The government still has time to save face by releasing Henry Okah to partake in a genuine peace process before Nigeria's oil export reaches zero.

Yar'Adua should not be deceived by the criminals within the armed forces who are pushing him to enter into a fight for their own selfish interest as we don't see how the military can emerge victorious in guerrilla warfare and tactics.

For decades we have been deceived and exploited by the criminal Nigeria state. To those youths who are willing to fight for freedom, MEND welcomes you.

Long Live the Niger Delta!

Jomo Gbomo


From: Jomo Gbomo
Sent: Friday, June 20, 2008 7:35 PM
Subject: Declaration of War!
The Movement for the Emancipation of the Niger Delta (MEND) considers the empty threat made by an illegal commander-in-chief of an inept armed forces of Nigeria as a joke.

For underrating our capabilities, the military has been ridiculed world wide after the attack on Bonga. If they want to further expose their weaknesses, then we challenge them to launch an attack on any of our positions.

An attack on any militant position is tantamount to a declaration of oil war. The type of war they are expecting is far from what we plan to engage in.

In order to avoid being caught in a cross fire, we are asking all expatriate oil workers to vacate oil facilities and living quarters in the Niger Delta while we settle our score with an insincere Federal government.

We call on all patriotic youths in the region to sabotage oil facilities in your communities while those willing to be trained to fight are welcome in our training camps. Any community close to MEND camps that harbours security operatives or spies does so at thier risk and such traitors will be punished.

Long live the Niger Delta!

Jomo Gbomo

Meanwhile, it's highly probable that highly qualified graduates will soon help the government in getting out of this mess if yesterday's report by the News Agency of Nigeria of a speech by the General manager of Agip is anything to go by
The General Manager, Nigerian Agip Oil Exploration, Mr.
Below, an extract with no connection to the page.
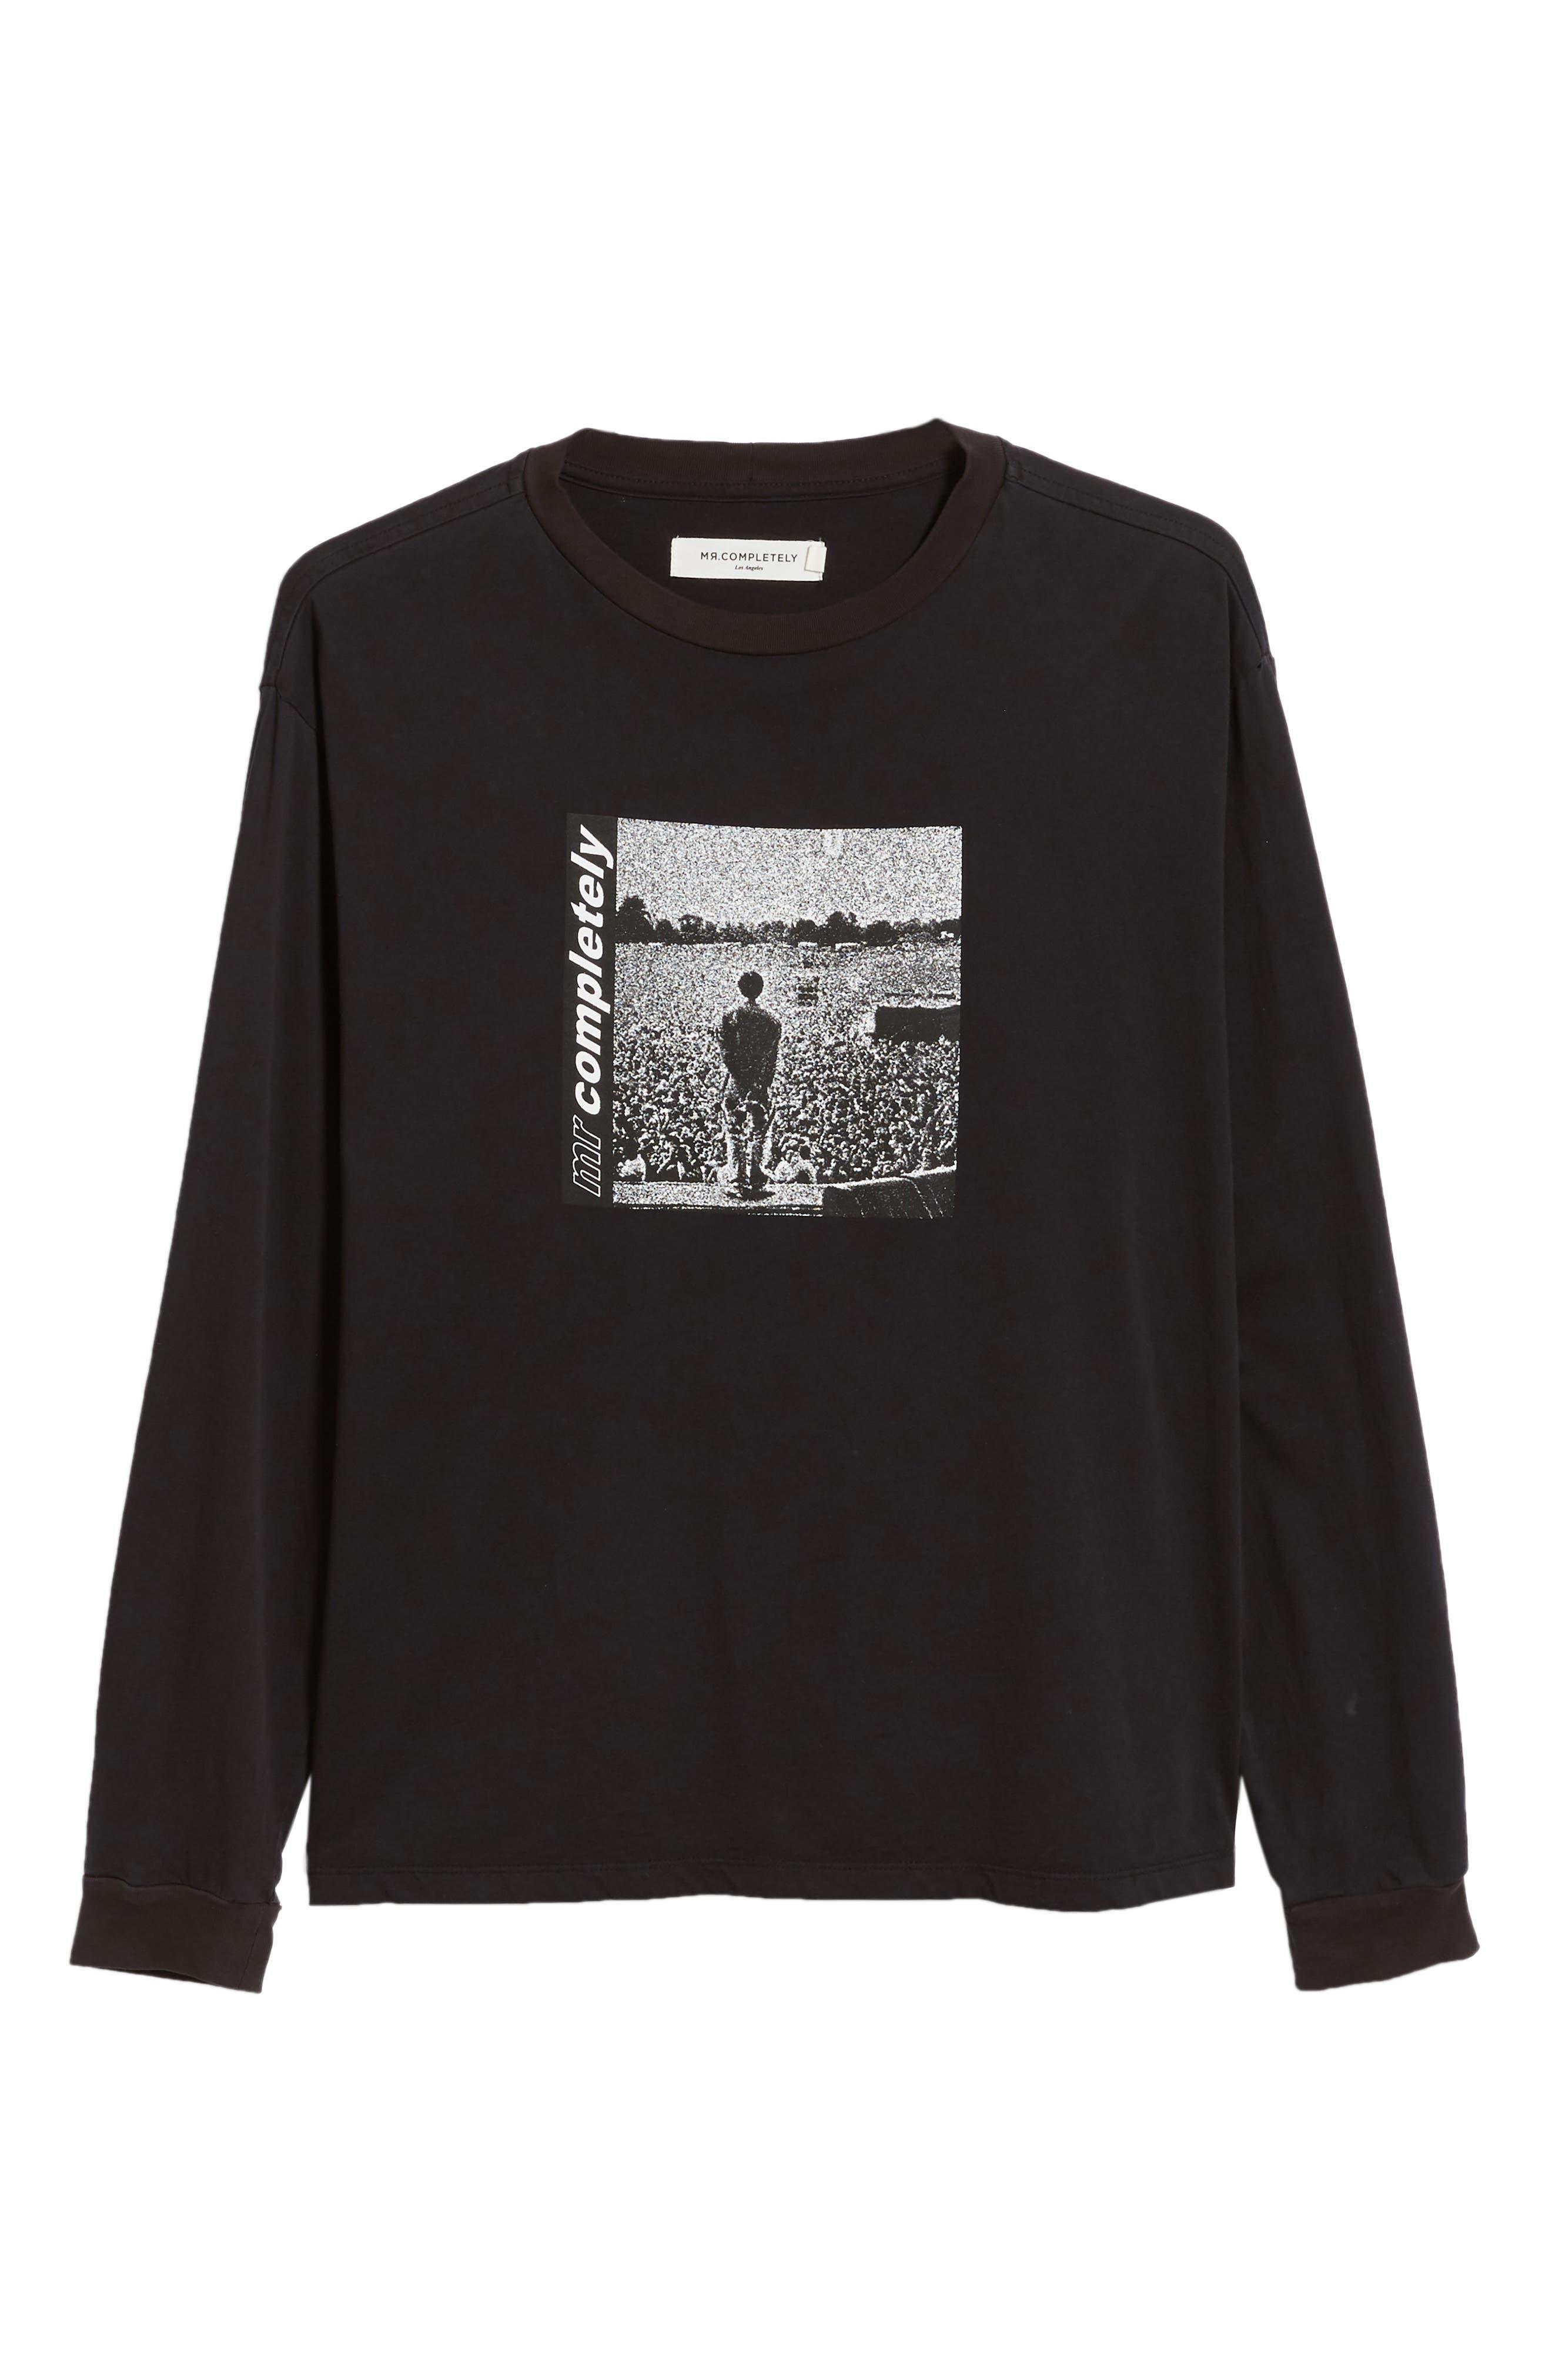 Oasis Oversize Long Sleeve T-Shirt,                             Alternate thumbnail 6, color,                             001

Richard Ogunde, on Friday in Ijebu Ode, Ogun State said Nigeria’s oil reserve had only 43 years to dry up.

The News Agency of Nigeria reports that Ogunde made the disclosure in a lecture at the Tai Solarin University of Education, Ijagun, Ijebu-Ode, Ogun State. Quoting from the latest World oil data, Ogunde said Nigeria’s reserve remained 36.2 billion barrels.

He said in the lecture, titled “Petroleum Exploration, The Economy and Science Education,” that Nigeria had a yearly oil production capacity of 2.3bn barrels.

The oil expert advised government to start looking for other oil reserves. He urged the Federal Government to seek other means of sustenance after oil might have disappeared, “especially now that we have abandoned agriculture.”

The geophysicist accused successive governments of conniving with the Nigerian National Petroleum Corporation to misdirect, mismanage and mis-apply the country’s oil revenue without commensurate infrastructure growth. He criticised the NNPC for engaging in the direct sale of petroleum products by setting up retail outlets in different parts of the country.

Ogunde, who said that Nigeria had remained “poor despite our being rich in oil dollars simply because some people are just habitual bad managers of the nation’s resources,” regretted that the country still suffered from poor energy supply after the exploration of oil for over five decades.

He said, “Unfortunately, if there is no electricity, you cannot develop infrastructure. When a nation fails to develop her infrastructure, there is no way her economy can grow.” He also described the graduates of oil-related courses from the Nigerian universities as “half-baked and unemployable.”

NAN quotes him as saying that many of the job-seeking graduates of Geology and Geophysics with high-class degrees did not even understand simple practical terms in oil exploration and processing. He said, “The situation was so bad that when I interviewed well over 200 of these so-called brilliant geologists and geophysicists, I found less than 10 of them worthy of consideration.”

Ogunde expressed regrets that his findings had also revealed that more than 99 per cent of the graduates were not ready to meet the difficult challenges existing in the oil industry, warning that “the sector does not have room for layabouts who professed to be super-graduates.”